# YOUR OBJECTIVE
With every picture left out, restate the listing below exactly as written.

# RECORDED INFORMATION
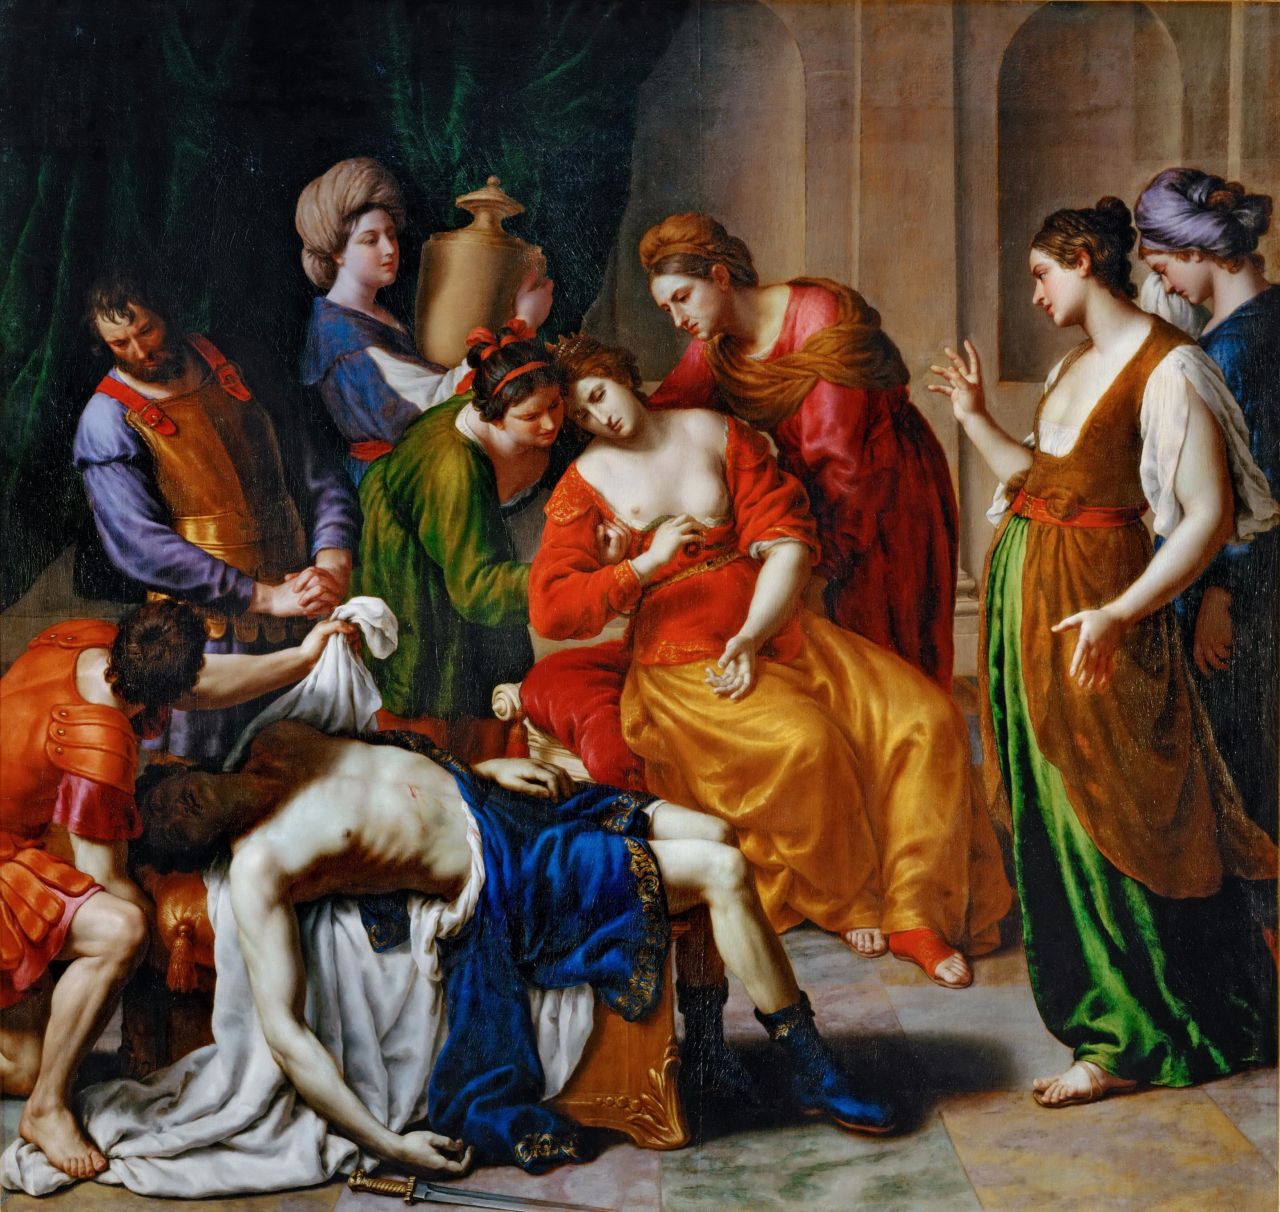 "The Death of Cleopatra" (c.1640) by Alessandro Turchi. 
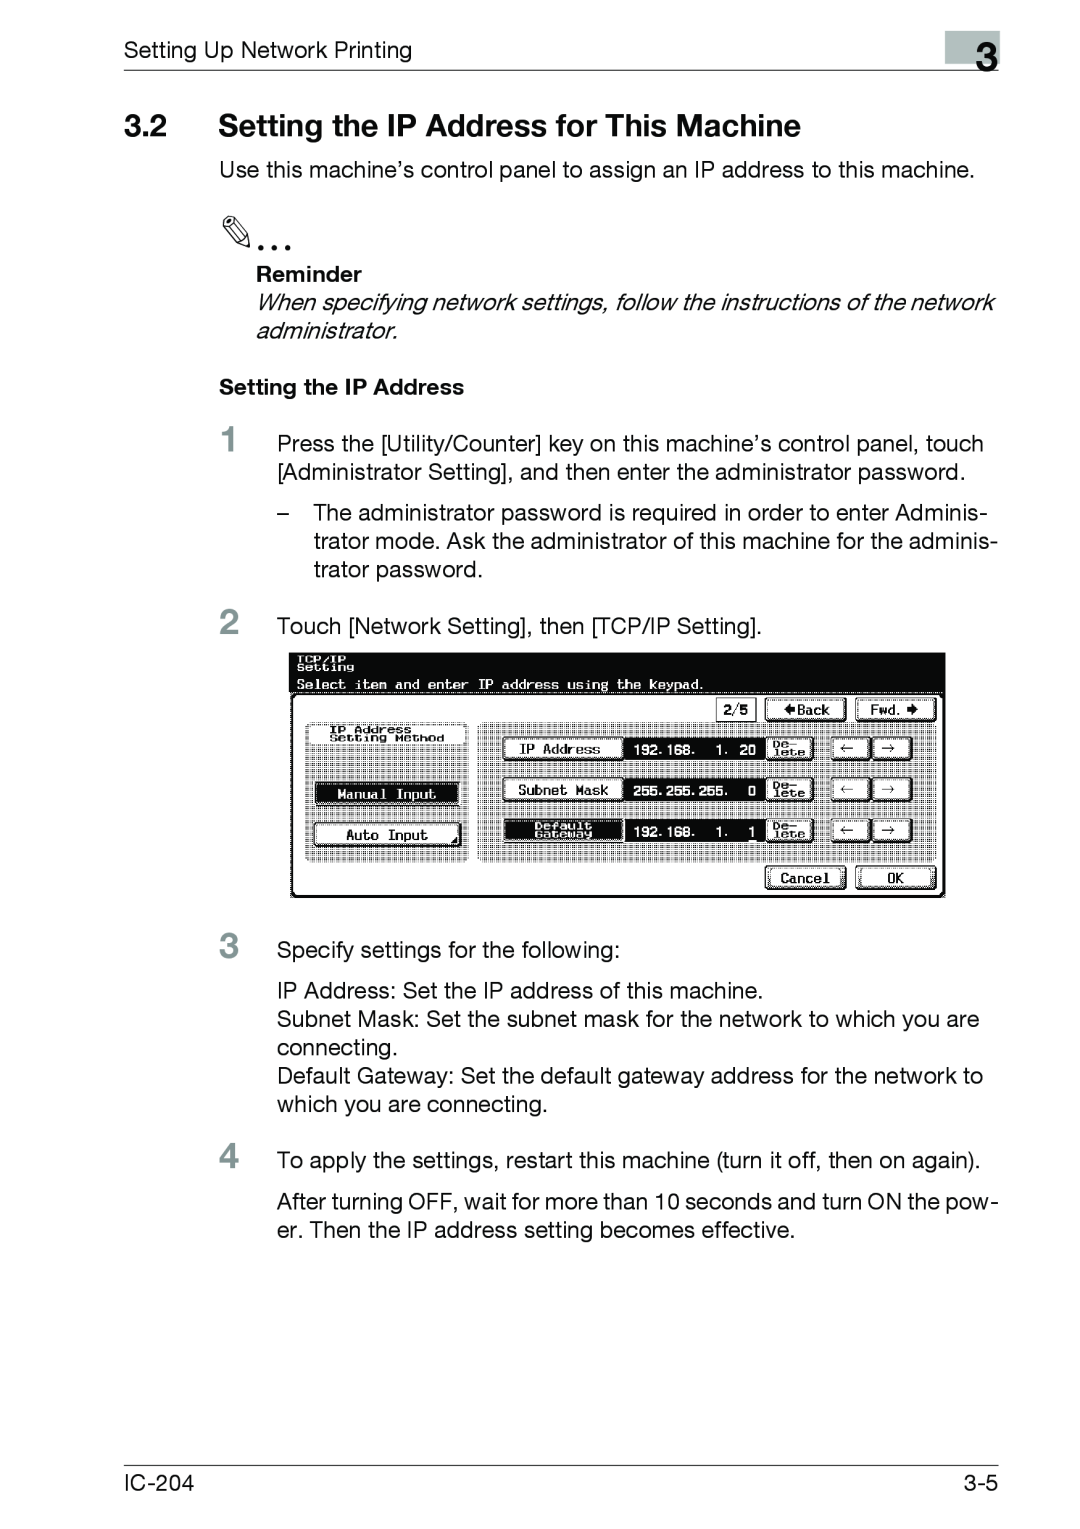 Konica Minolta IC-204 manual 3.2Setting the IP Address for This Machine, Reminder 
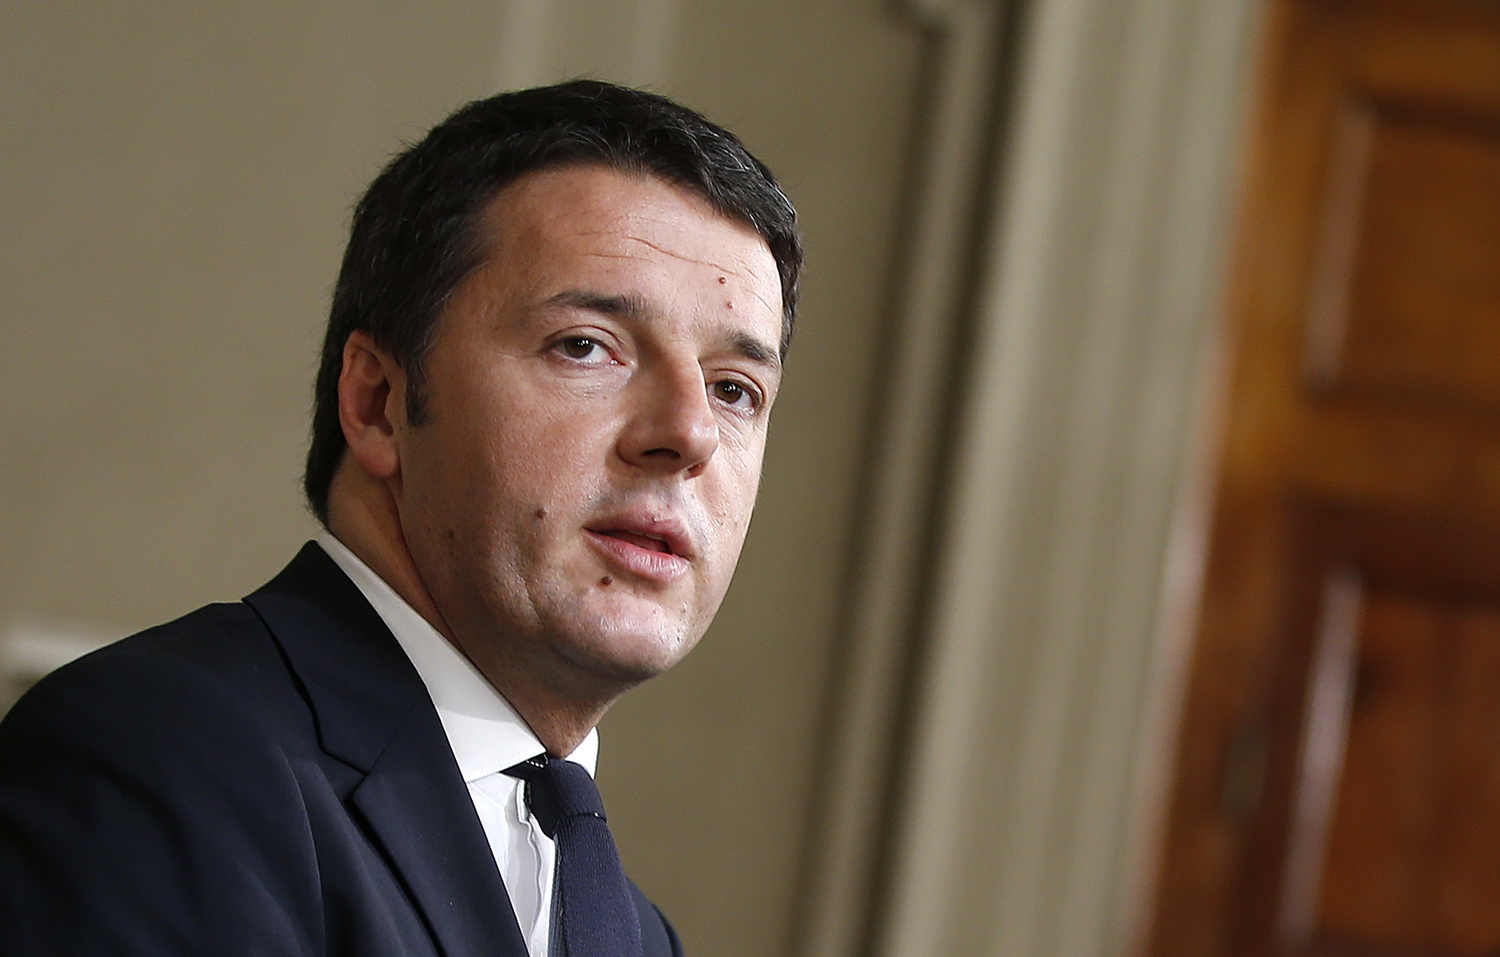 Matteo Renzi, Prime Minister of Italy
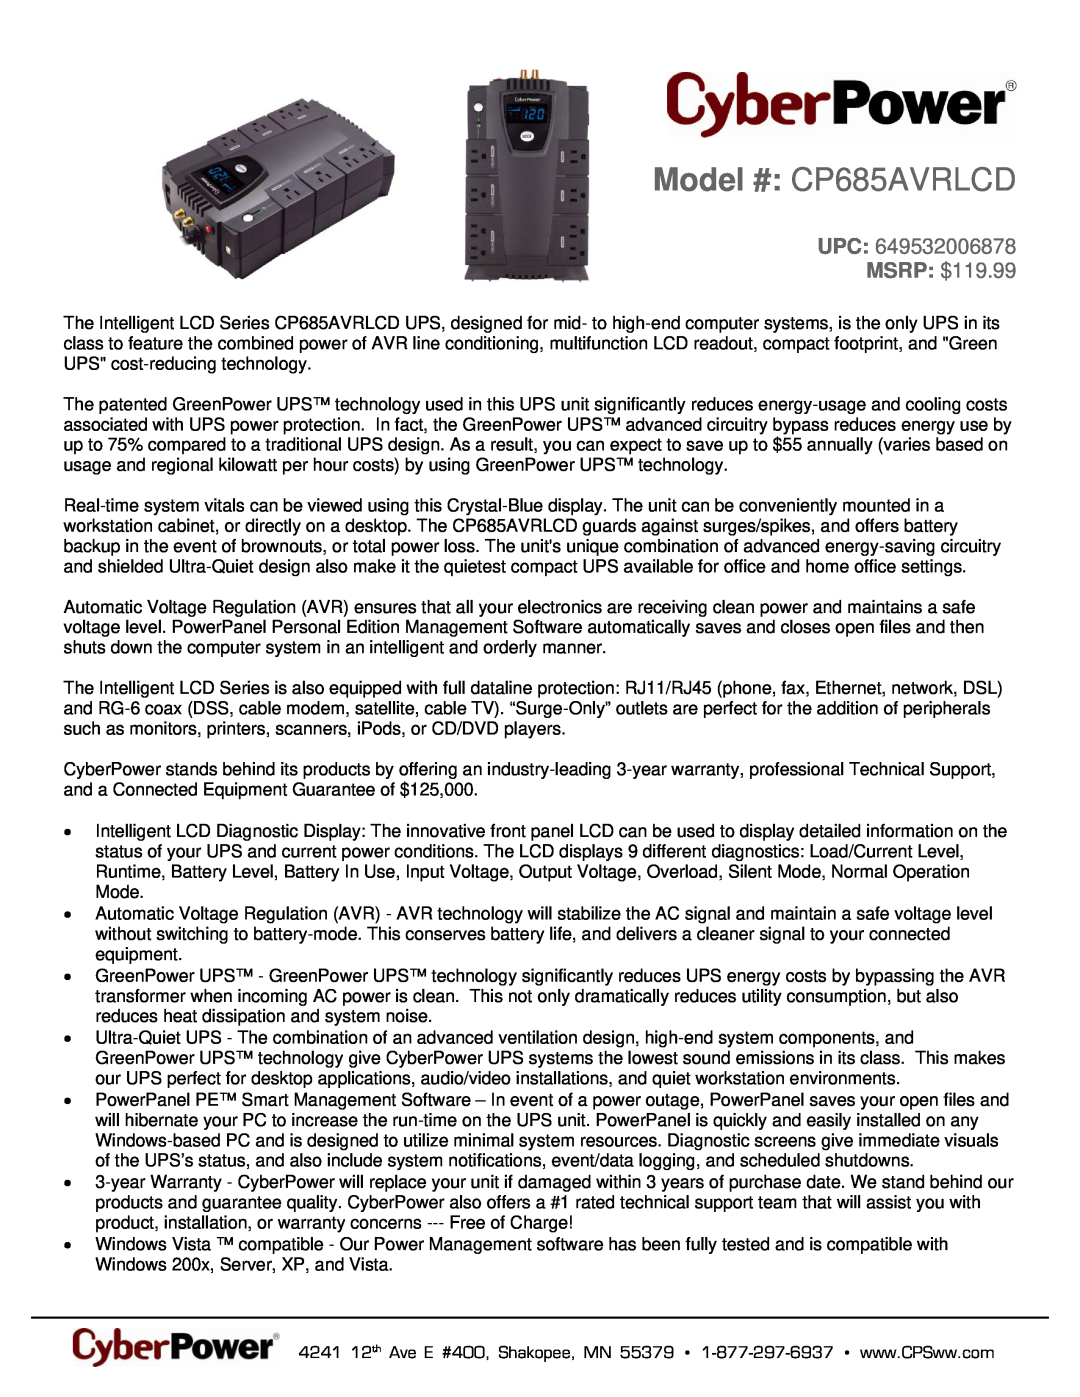 CyberPower Systems 649532006878 warranty Model # CP685AVRLCD, UPC MSRP $119.99

# RESULT OF THE TASK
 "The Death of Cleopatra" (c.1640) by Alessandro Turchi. 
 Konica Minolta IC-204 manual 3.2Setting the IP Address for This Machine, Reminder 
 Matteo Renzi, Prime Minister of Italy
 CyberPower Systems 649532006878 warranty Model # CP685AVRLCD, UPC MSRP $119.99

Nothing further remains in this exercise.